Today I want to talk about tracking down leaking pool. Back with Server 2003 and before, leaking pool was a major issue because it was a limited resource. In Vista and beyond, it isn’t as much of an issue since pool is allocated dynamically, but it can still cause system performance issues if a component uses too much of it. Since all nonpaged pool allocations are locked in RAM, it leaves the system with a smaller amount of RAM for anything else.
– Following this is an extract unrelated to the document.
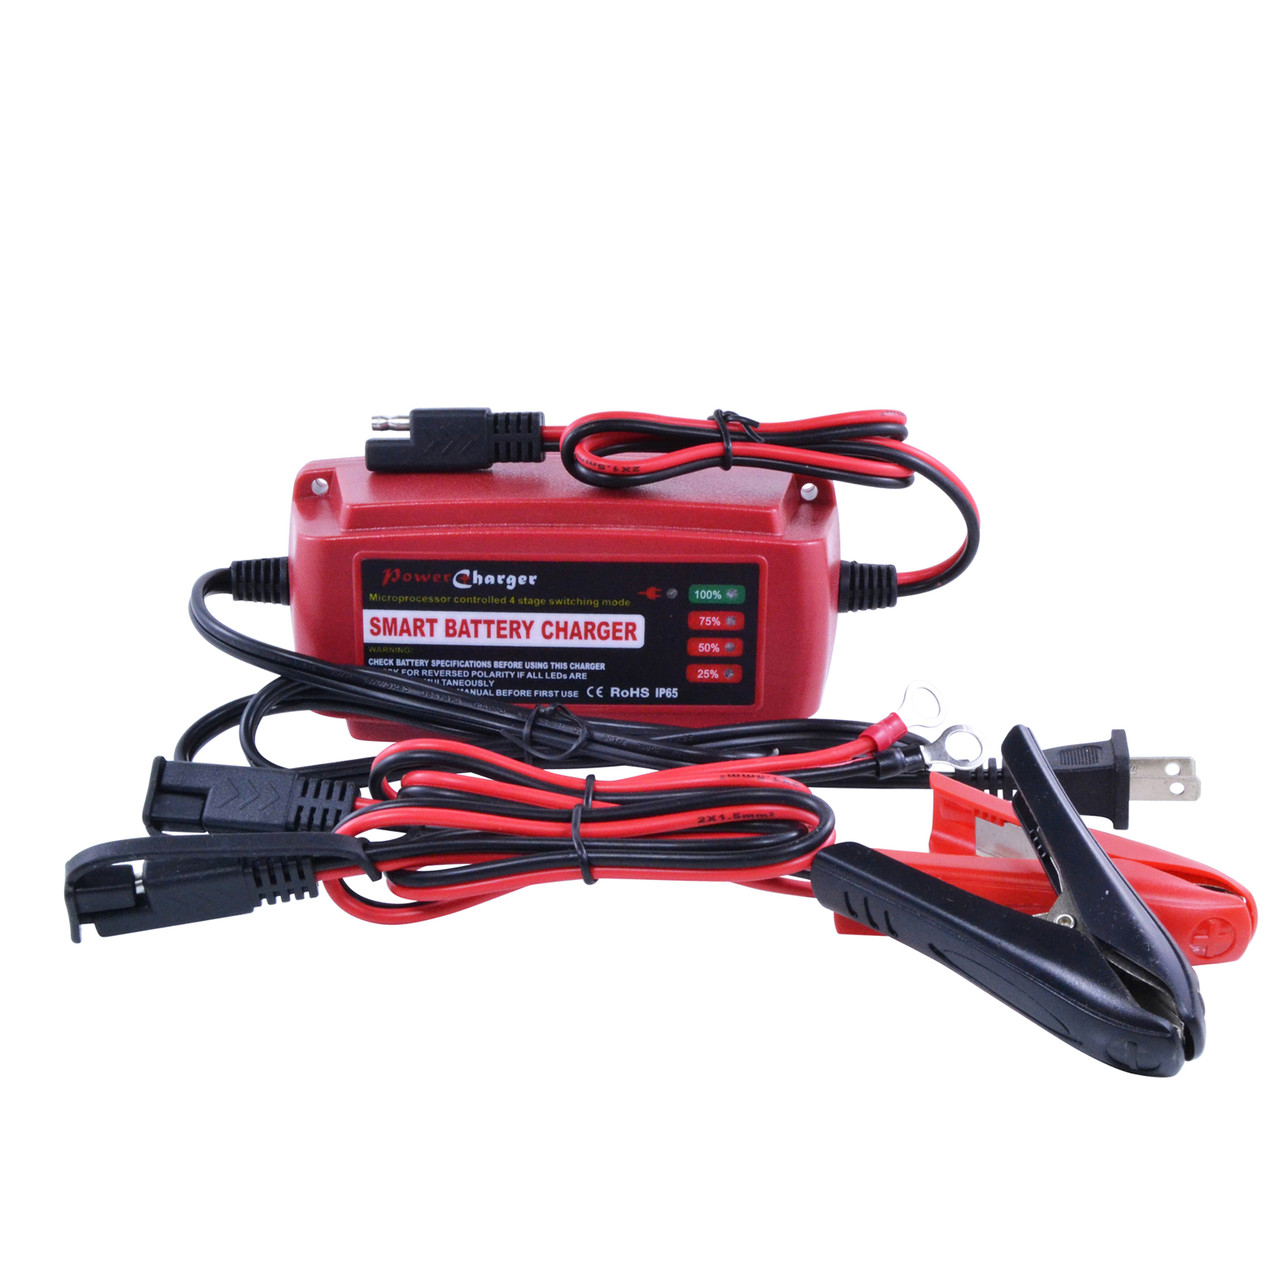 RMSTATOR New Aftermarket Universal Universal Automatic IP65 Smart Battery Charger 12V / 5A / 100W, RMS200-103844

I recently worked a case involving leaking nonpaged pool and it was easy to troubleshoot. I thought I would walk through the steps I used to narrow down the issue in this article. So let's get started. Note - The following can be done on a live machine or with a kernel memory dump as well.
Running the !vm command, you can get statistics about the virtual memory usage on the system.
Virtual Memory Usage
Physical Memory: 655219 ( 2620876 Kb)
Page File: \??\C:\pagefile.sys
Current: 4190208Kb Free Space: 4115148Kb
Minimum: 4190208Kb Maximum: 4190208Kb
Available Pages: 303760 ( 1215040 Kb)
ResAvail Pages: 571159 ( 2284636 Kb)
Modified Pages: 677 ( 2708 Kb)
NonPagedPool Usage: 59613 ( 238452 Kb)
NonPagedPool Max: 69377 ( 277508 Kb)
NonPaged Pool Usage : 85%
********** Excessive NonPaged Pool Usage *****
PagedPool 0 Usage: 31684 ( 126736 Kb)
PagedPool 1 Usage: 1824 ( 7296 Kb)
PagedPool 2 Usage: 1821 ( 7284 Kb)
PagedPool 3 Usage: 1824 ( 7296 Kb)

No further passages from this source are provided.